I touched the rusted lock, and it clicked softly, broken long ago.
When I lifted the lid, a cloud of dust puffed into my face.
I coughed, my eyes watering, the taste of it clinging to the back of my throat.
Bedsheets. Folded, their once colourful patterns faded by time.
I sifted through them, the fabric coarse and dry beneath my fingers.
Nothing. No keys, no clues. Just linen. A sigh slipped from my lips.
What was I meant to find? I turned too fast, and my foot caught the edge of a box.
I tumbled backward with a crash, the contents scattering.
Books spilled across the floor, loose pages fluttering in the candlelight like startled birds. The air filled with even more dust.
And a photo. The frame worn by time. The glass shattered, the shreds gleaming in the warm candlelight.
I knelt between the papers, the floorboards creaking under my weight, and lifted it up.
A girl and a woman in her mid-thirties stood side by side, holding hands like they were going on a walk.
Their clothes weren’t formal, but they were far too elegant to be from this decade.
The girl wore a wool coat with a Peter Pan collar and ribboned shoes.
Her dark curls framed her face, the front pinned back with pearly barrettes.
The woman stood tall in a belted tweed skirt and a cream blouse with soft ruffles at the throat.

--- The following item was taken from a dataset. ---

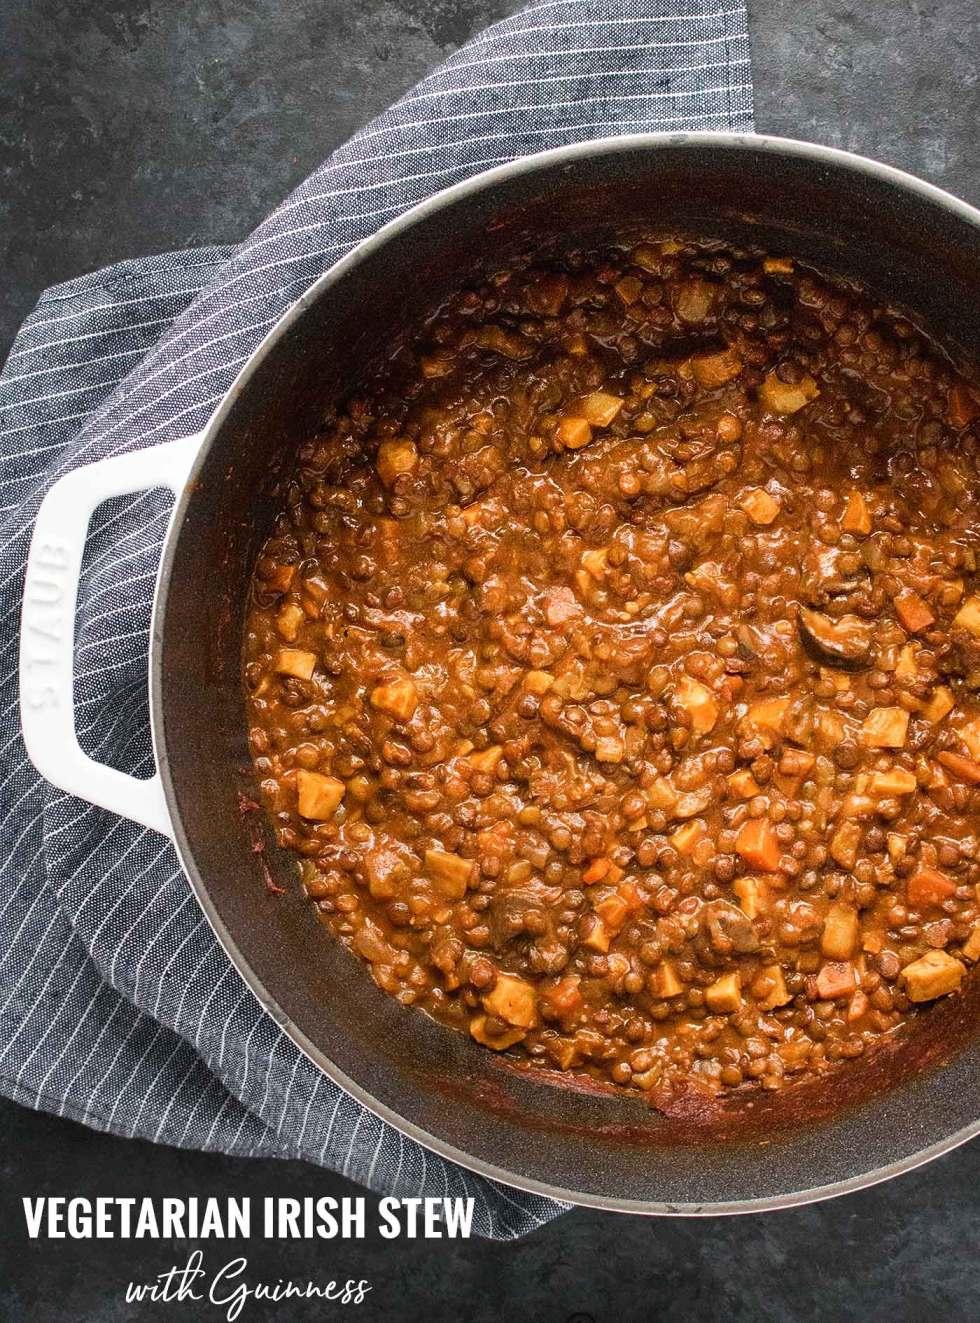 Vegetarian Irish Stew for Lentil Lovers - Recipe at SoupAddict.com

I turned the photo around.
Esmée and Lilian Thornbury
I blinked, my lips parting. I turned it again, studying the figures with different eyes.
Their hair, their smiles, the way even their eyes curled upward in motion.
And the way they held each other—like nothing in the world could ever push them away.
I saw it now, the Mum I knew, in this barely ten-year-old child.
It was faint, but it was there—in her soft gaze and dimples.
Lilian. She too looked so different. It was hard to believe that this woman, beaming so widely, was the Lilian I knew. She still smiled, even now, but it never quite reached her eyes. Not the way it did here, in this moment locked in time.
I shifted on the sleek boards, and a book slipped from the top of a nearby stack. A single sheet fluttered free and landed at my knees. A name, written in thin, curling letters, the ink barely clinging to the page.
Esmée Th—that was all the moths had left. But I recognised my mum’s handwriting in the way she arched her E’s.
I put the photo aside and opened the book the name had escaped from. Paper scraps fell out covering the floor around me in mutilated words. I stared at them, trying to will sense into the chewed pieces.
The wheels spun in my head. Monster. Reate. Kness. Oulless. Soulless? Y mothe. My mother? Or was Y part of a name? Lia. That sounded like a name as well, but it could’ve been so many things. Monster reate knees soulless lia my mother.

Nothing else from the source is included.